In the United States, the president is indirectly elected by the Electoral College made up of electors chosen by voters in the presidential election. In most states of the United States, each elector is committed to voting for a specified candidate determined by the popular vote in each state, so that the people, in voting for each elector, are in effect voting for the candidate. However, for various reasons the numbers of electors in favour of each candidate are unlikely to be proportional to the popular vote. Thus, in five close United States elections (1824, 1876, 1888, 2000, and 2016), the candidate with the most popular votes still lost the election.

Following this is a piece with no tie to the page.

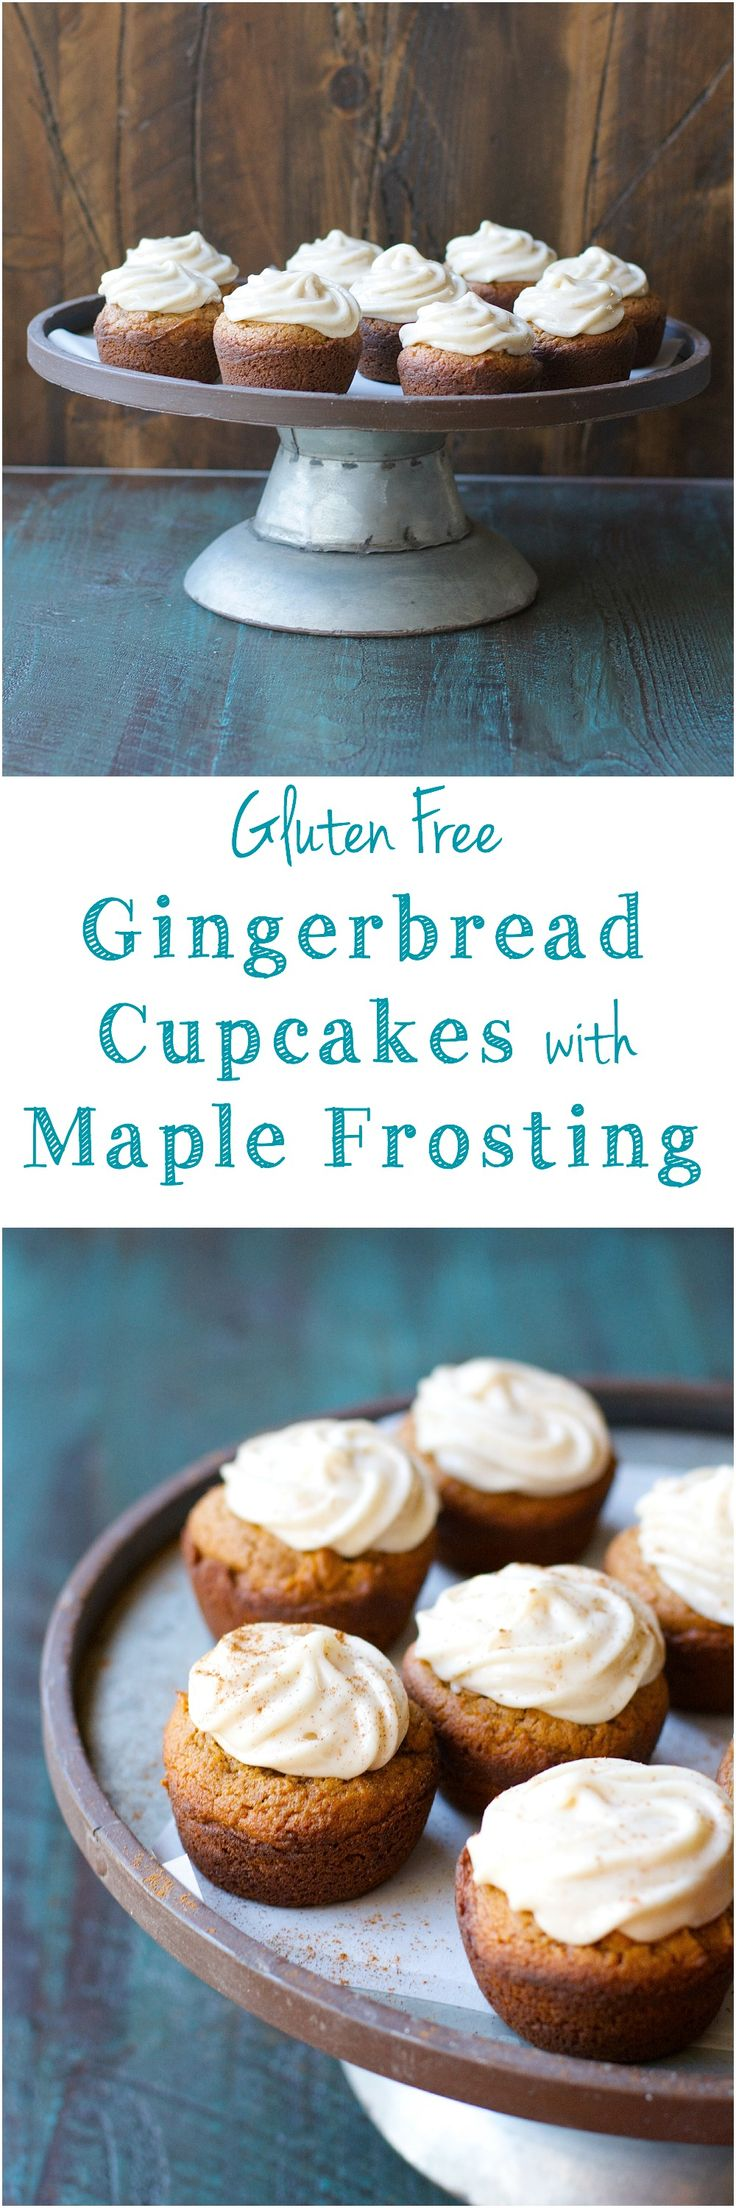 182 best Dessert - Cupcakes images on Pinterest

In Mexico, the president is directly elected for a six-year term by popular vote. The candidate who wins the most votes is elected president even without an absolute majority. The president is allowed to serve only one term.

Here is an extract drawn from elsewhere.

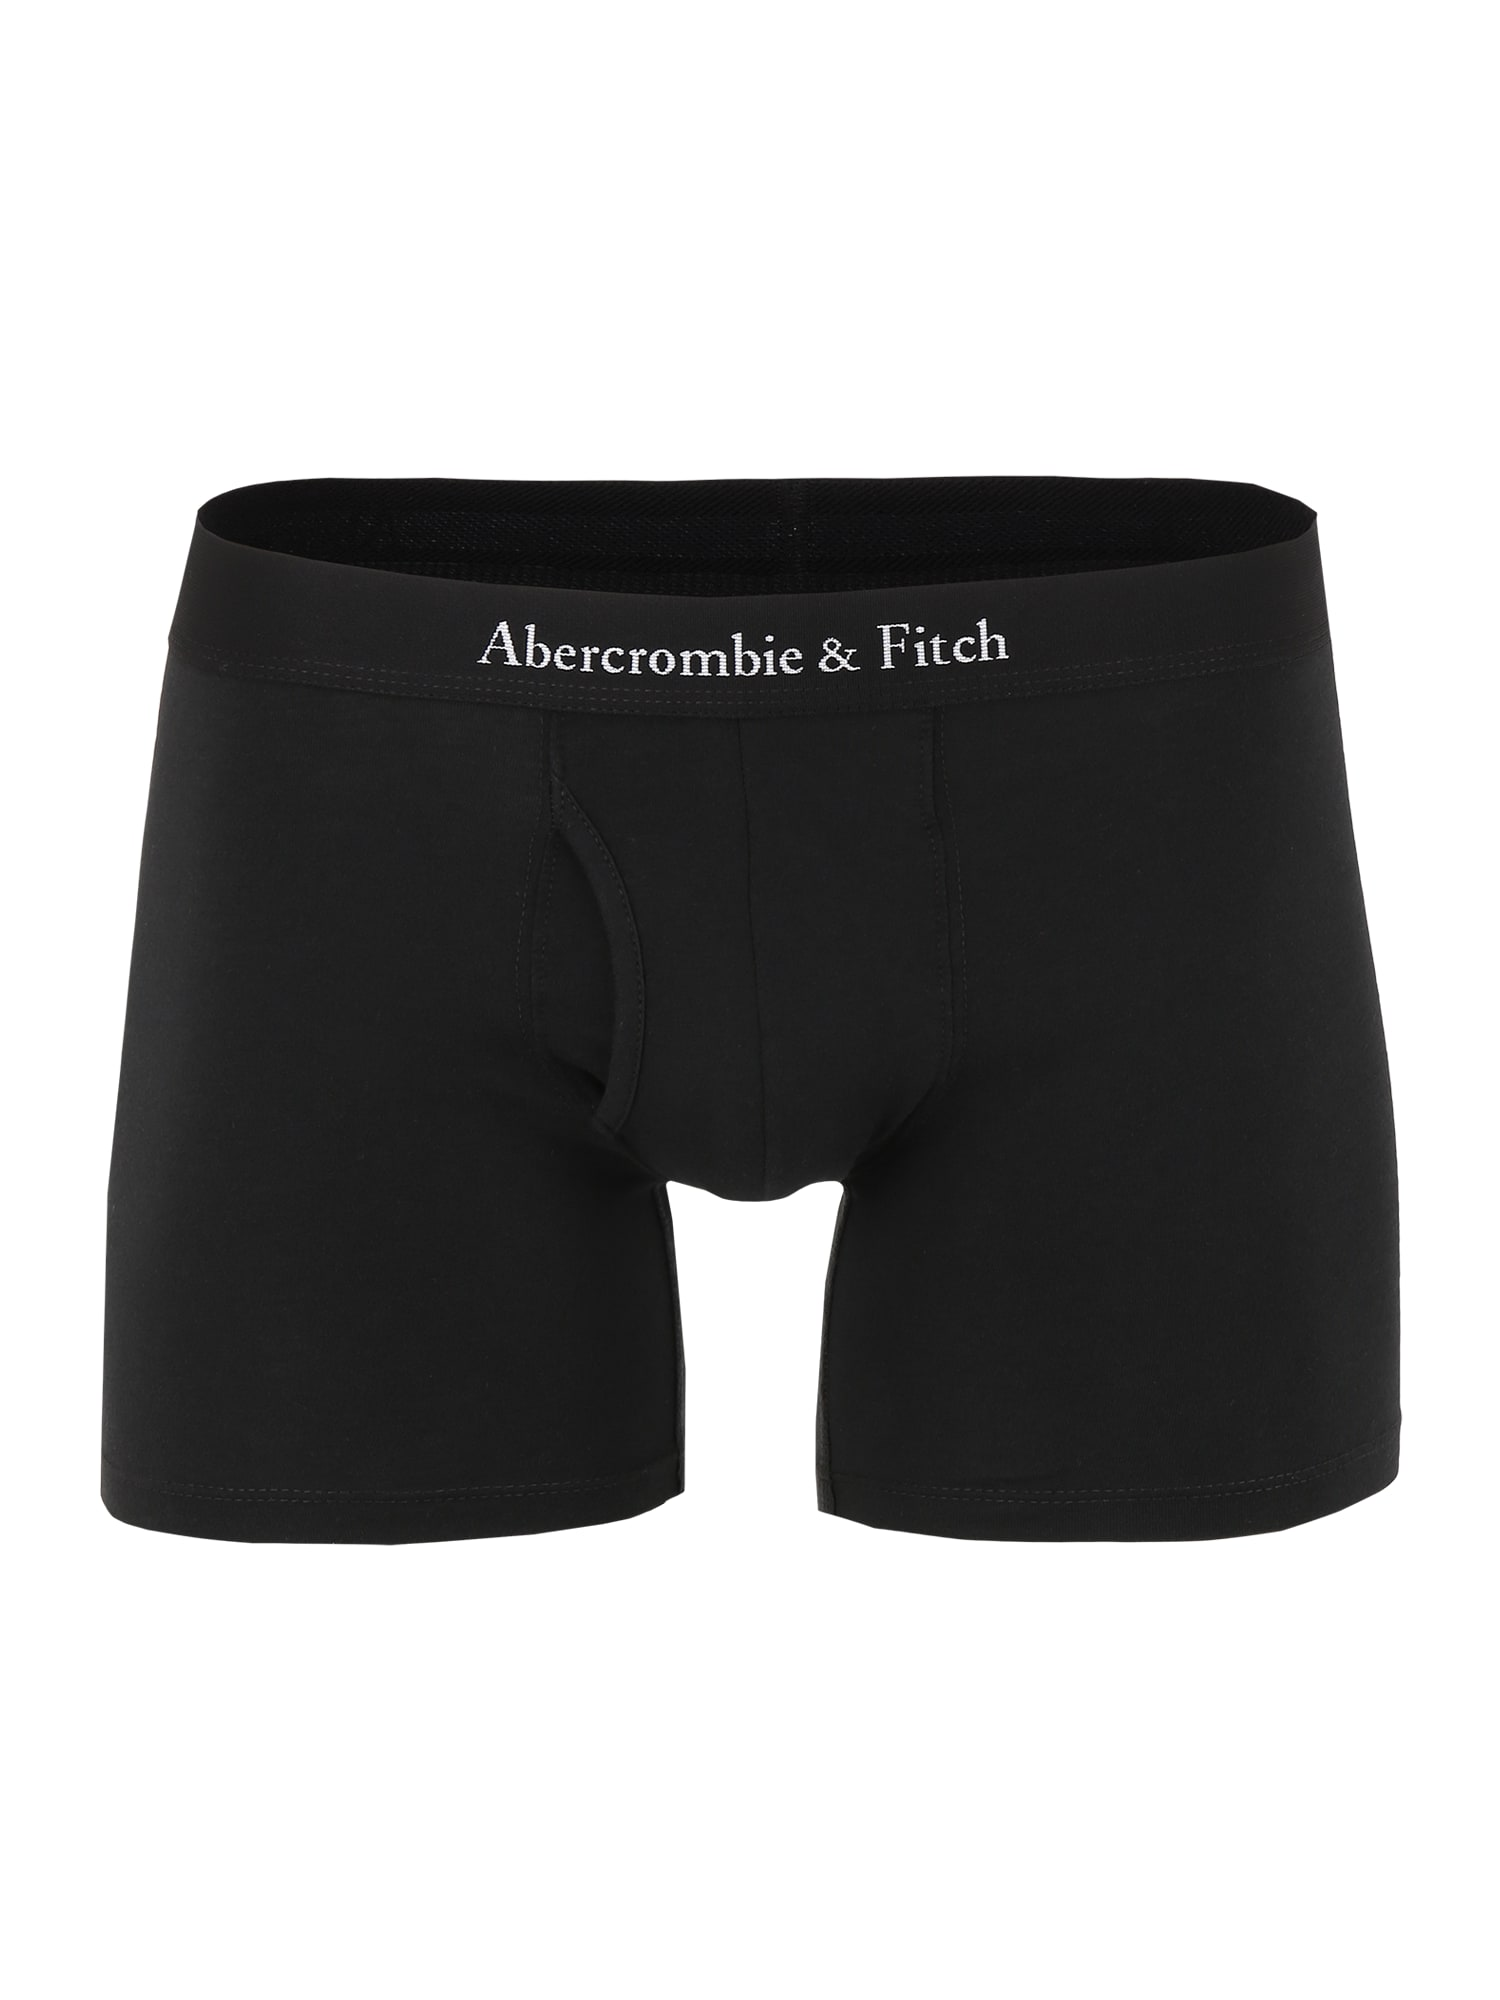 Abercrombie & Fitch Boxer trumpikės juoda / balta

In Brazil, the president is directly elected for a four-year term by popular vote. A candidate has to have more than 50% of the valid votes. If no candidates achieve a majority of the votes, there is a runoff election between the two candidates with most votes. Again, a candidate needs a majority of the vote to be elected. In Brazil, a president cannot be elected to more than two consecutive terms, but there is no limit on the number of terms a president can serve.

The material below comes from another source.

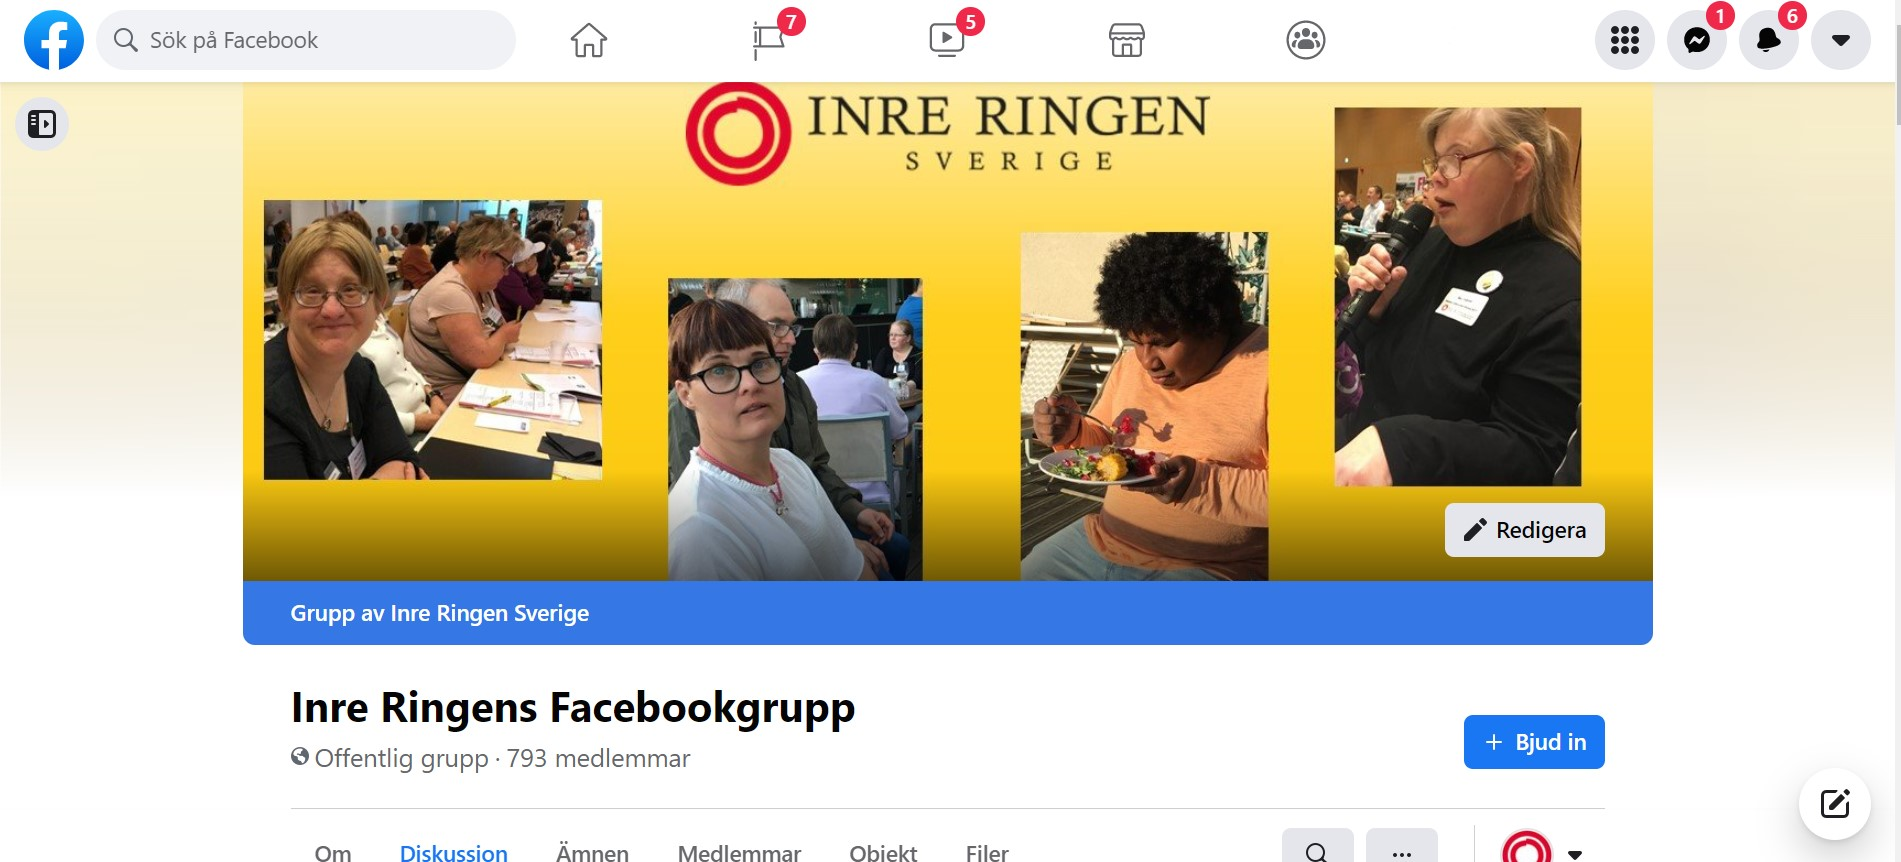 Omslagsfoto från Inre Ringens Facebookgrupp

Many South American, Central American, African and some Asian nations follow the presidential model.
Semi-presidential systems
A second system is the semi-presidential system, also known as the French model. In this system, as in the parliamentary system, there are both a president and a prime minister; but unlike the parliamentary system, the president may have significant day-to-day power. For example, in France, when their party controls the majority of seats in the National Assembly, the president can operate closely with the parliament and prime minister, and work towards a common agenda. When the National Assembly is controlled by their opponents, however, the president can find themselves marginalized with the opposition party prime minister exercising most of the power. Though the prime minister remains an appointee of the president, the president must obey the rules of parliament, and select a leader from the house's majority holding party. Thus, sometimes the president and prime minister can be allies, sometimes rivals; the latter situation is known in France as cohabitation. Variants of the French semi-presidential system, developed at the beginning of the Fifth Republic by Charles de Gaulle, are used in France, Portugal, Romania, Sri Lanka and several post-colonial countries which have emulated the French model. In Finland, although the 2000 constitution moved towards a ceremonial presidency, the system is still formally semi-presidential, with the president of Finland retaining e.g. foreign policy and appointment powers.
Parliamentary republics
The parliamentary republic, is a parliamentary system in which the presidency is largely ceremonial with either de facto or no significant executive authority (such as the president of Austria) or de jure no significant executive power (such as the president of Ireland), and the executive powers rests with the prime minister who automatically assumes the post as head of a majority party or coalition, but takes oath of office administered by the president. However, the president is head of the civil service, commander in chief of the armed forces and in some cases can dissolve parliament. Countries using this system include Austria, Armenia, Albania, Bangladesh, Czech Republic, Germany, Greece, Hungary, Iceland, India, Ireland, Israel, Italy,[24] Malta, Pakistan, and Singapore.
A variation of the parliamentary republic is a system with an executive president in which the president is the head of state and the government but unlike a presidential system, is elected by and accountable to a parliament, and referred to as president. Countries using this system include Botswana, Nauru and South Africa.
Dictatorships
In dictatorships, the title of president is frequently taken by self-appointed or military-backed leaders. Such is the case in many states: Idi Amin in Uganda, Mobutu Sese Seko in Zaire, Ferdinand Marcos in the Philippines, Suharto in Indonesia, and Saddam Hussein in Iraq are some examples. Other presidents in authoritarian states have wielded only symbolic or no power such as Craveiro Lopes in Portugal and Joaquín Balaguer under the "Trujillo Era" of the Dominican Republic.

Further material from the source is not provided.